Breast cancer cells differ from their normal counterparts in many ways. One important difference is abnormal activation of the protein synthesis machinery to support the high requirements of tumor cells for increased synthesis of proteins that are responsible for their growth and viability. In mammalian cells, almost all proteins are synthesized through a mechanism that requires a specific modification of genetic messengers (mRNAs) with a structure called a cap. Environmental and intracellular cues tightly control rates of cap-dependent protein synthesis in normal cells. In contrast, cancer cells commonly display permanently increased activity of the complex eIF4F, which is responsible for initiation of cap-dependent protein synthesis. Moreover, available data suggest that enforced activation of eIF4F in non-malignant cells cooperates with other oncogenic alterations in promoting neoplastic transformation. Correspondingly, targeted disruption of the aberrantly activated eIF4F in cancer cells by expression of its naturally occurring antagonist 4E-BP1 decreases viability of cancer cells and sensitizes cells to anti-cancer drugs. Most importantly from a therapeutic point of view, while overexpressed 4E-BP1 kills cancer cells, normal cells remain viable. Based on these findings, we hypothesized that the gene encoding 4E-BP1 function as a natural tumor suppressor element and that stably overexpressed 4E-BP1 can decrease risk of breast tumor incidence and prevent acquired resistance of tumor cells to anticancer drugs.

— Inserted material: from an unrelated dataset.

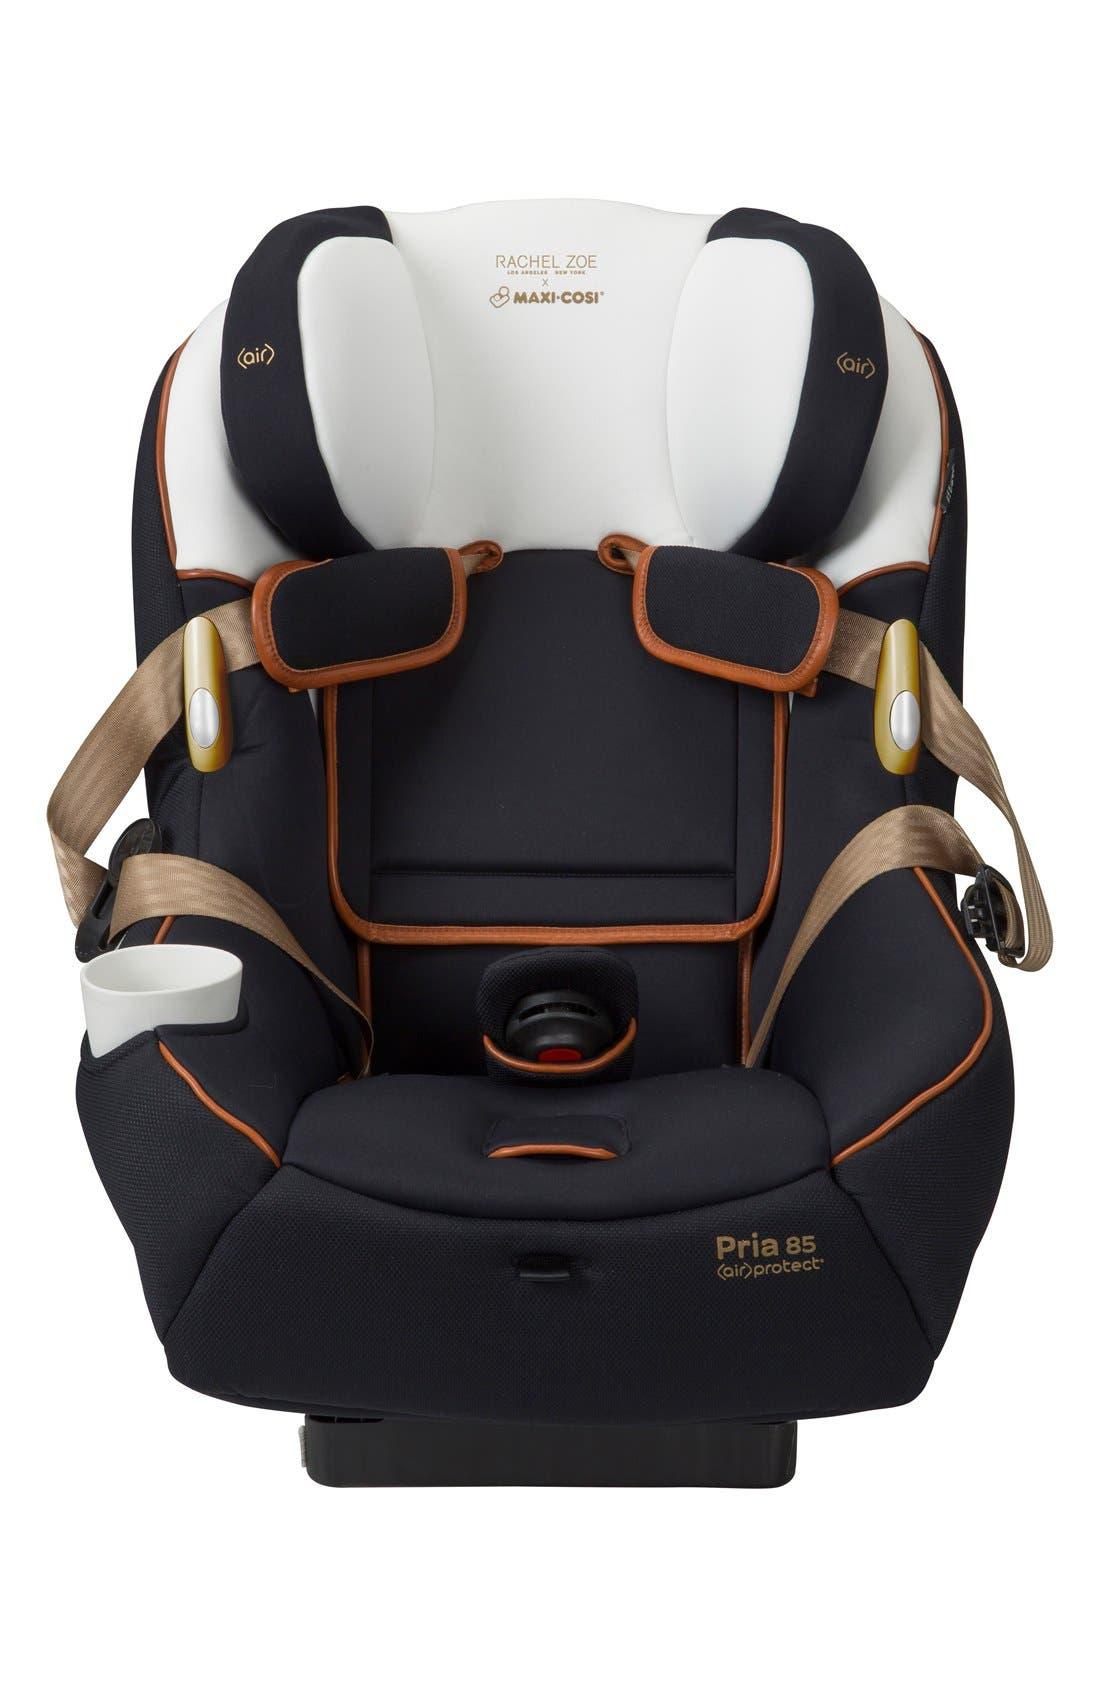 x Rachel Zoe Pria<sup>™</sup> 85 - Special Edition Car Seat,                             Alternate thumbnail 2, color,                             Black/ White

The mentioned experimental data were obtained by using cells that were cultivated outside of living organisms in an artificial environment (in vitro). The goal of this proposal is to apply the advanced mouse model of breast tumorigenesis for analysis the 4E-BP1 anti-cancer potency in the context of a whole mammalian organism. To test our hypothesis, we plan to genetically modify mice that are predisposed to a high incidence of breast cancer, to direct expression of a switchable form of 4E-BP1 and its hyperactive mutant version (‘super 4E-BP1’) specifically to their mammary glands. We plan to engineer the introduced 4E-BP1 to turn on its activity in mid-to-late pregnancy by mating. We expect that enforced activation of 4E-BP1 before onset of breast cancer will decrease frequency of tumor formation, while its high activity during breast tumorigenesis will help to kill cancer cells by safe doses of regular anti-cancer therapy.

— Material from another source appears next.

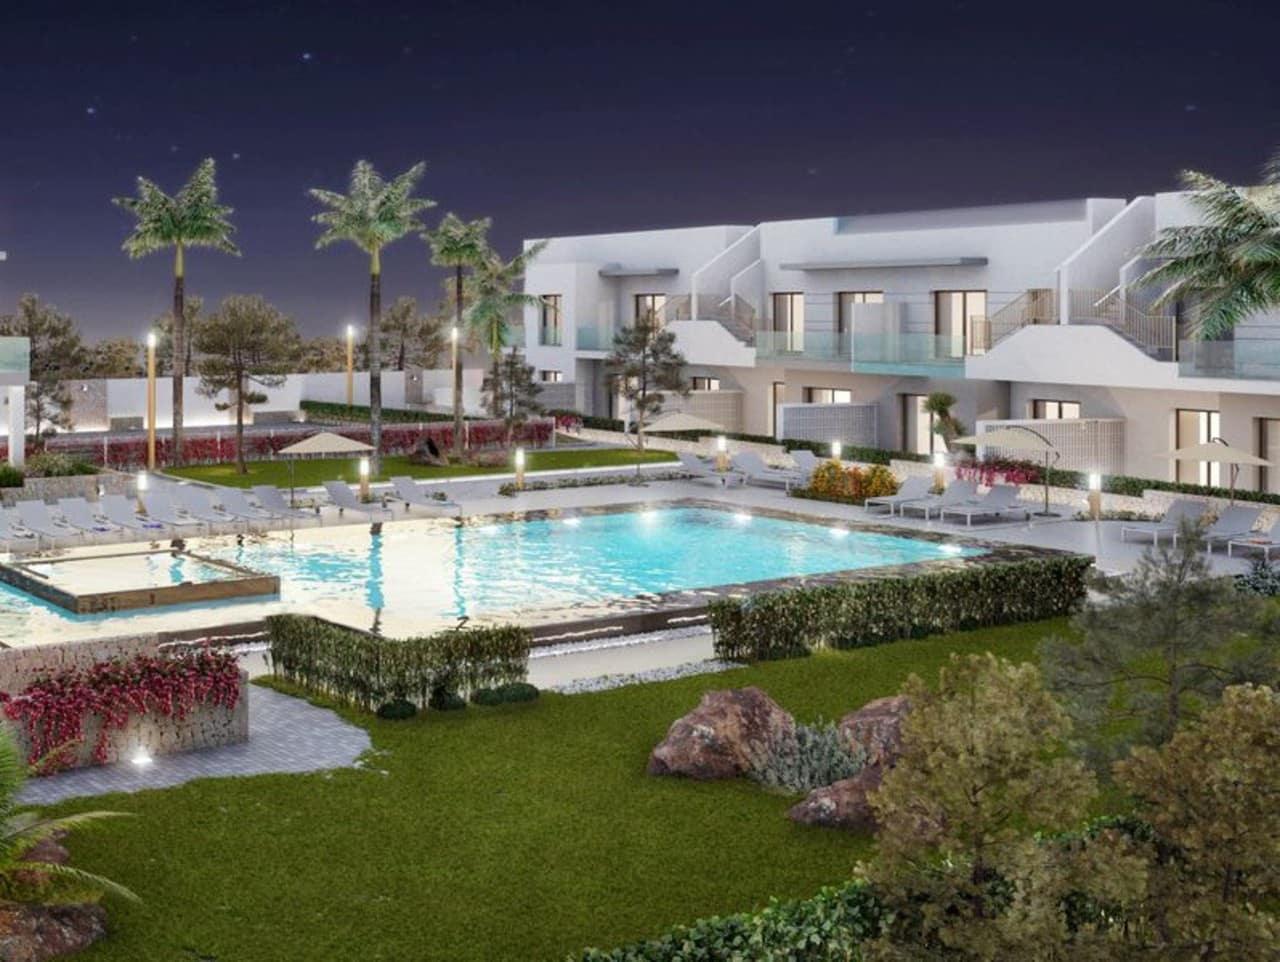 2 bedroom Apartment for sale in Pilar de la Horadada with pool - € 131,000 (Ref: 5035784)

By successful completion of this project, we hope to confirm in vivo the proof of principle that was earlier established in vitro: expression of 4E-BP1 is an important genetic factor for decreasing risk of breast cancer incidence and evading acquired resistance to chemotherapy. We also believe that our transgenic animal model for the translational control of breast tumorigenesis can be used for testing new anti-eIF4F pharmaceuticals designed for suppressing growth and chemoresistance in breast cancer cells.